So bring yourself into a comfortable position.
Take a moment to notice how you feel.
Notice any sensations in your physical body.
And then take a breath in through your nose,
Pause at the top and gently sigh out through the mouth.
And we'll do that two more times,
Breathing in through your nose,
Pause at the top and gently sigh out through the mouth.
One more time.
Place one or both hands at the site of your belly,
Just below your ribcage and without changing your breath,
Take a moment to become aware of the breath.
Notice the rise and fall,
Inflation and deflation of your belly.
Notice how your ribcage expands slightly on the inhale and contracts on the exhale.
And this act of simply becoming aware of your breath and where it moves in your body brings you out of your mind and into a more settled state.
Now you're aware of your natural breath,
I invite you to slow down your breathing so that gradually you're breathing low into the lungs and as slowly as possible.

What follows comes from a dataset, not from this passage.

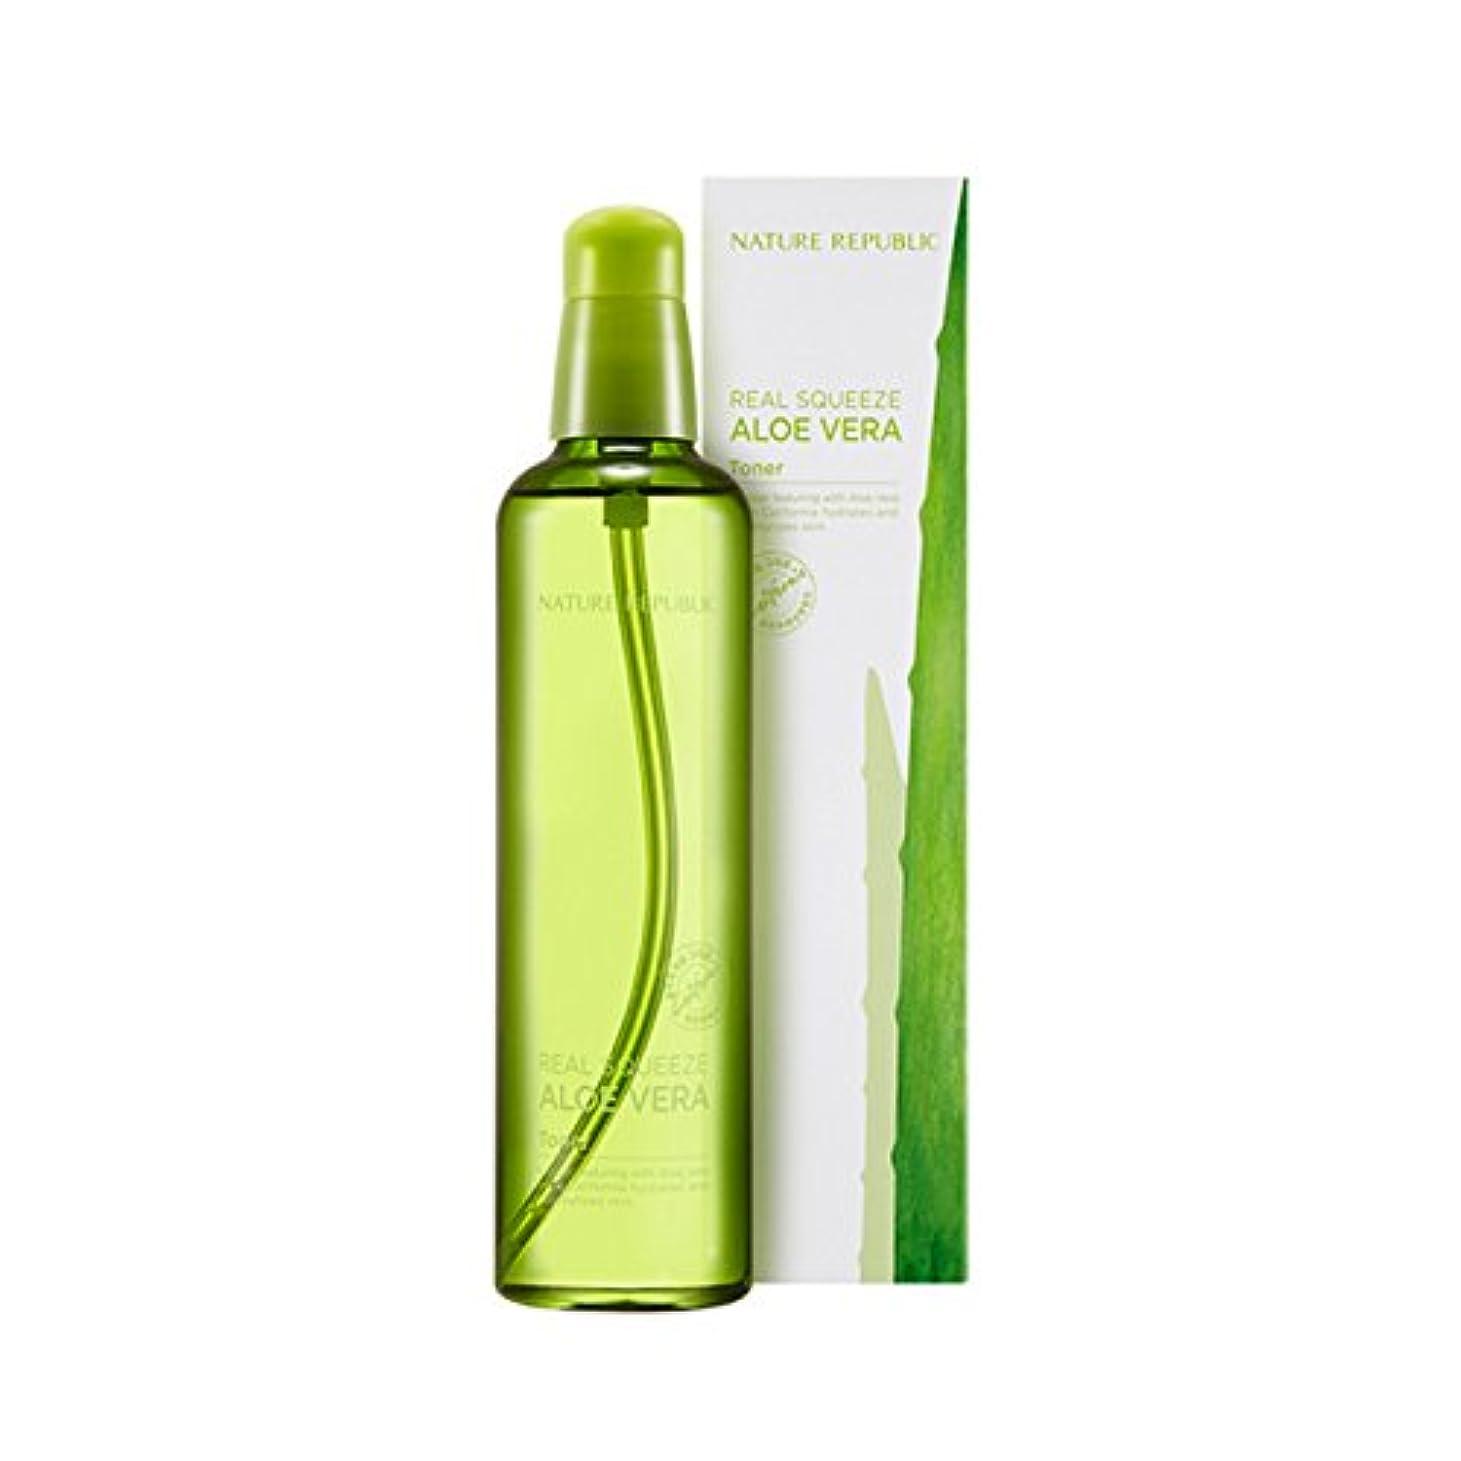 熟す大事にする遠足[ネイチャーリパブリック] Nature Republic リアルスクイーズアロエベラエマルジョントナー Real Squeeze Aloe Vera Emulsion Toner (Toner) [並行輸入品]

Breathing in and out through thoughts beginning to settle and your body begins to relax and release tension.
And we're aiming for a smooth and continuous flow of breath in and out,
No pauses or holding at the top of the inhale or the end of the exhale.
Now with the breath flowing smoothly and slowly,
We'll begin our first round of ocean breathing.
So when you're ready,
Gently contract the throat muscles to give a little resistance to your breath.
Create the wave or ocean like sound as if the waves were lapping the shore.
I find that having the gentle sound to focus on as well as the sensation is a way to quiet and anxious thoughts and a busy mind.
And you can either just do this on the exhale or on both the inhale and the exhale.
Noticing if you can relax and not make too much effort.
Let your breath breathe your body,
A gentle ocean like sound,
Noticing everything around you slowing down,
Focusing on the sound and the feeling of the breath in your throat.
And then after the next exhale,
Let go of doing anything to your breath and take a moment here to notice any ways in which you can feel a shift in the quality of your mind or the feeling in your body.
What do you notice?
So gently contracting the back of your throat again to make the wave like sound.
And then after your next exhale,
Let go of any control of your breath.
Again taking a moment to notice any shift in your mental or physical state.
Thank you for joining me for this ocean breathing practice.
Have a fantastic day or a restful night.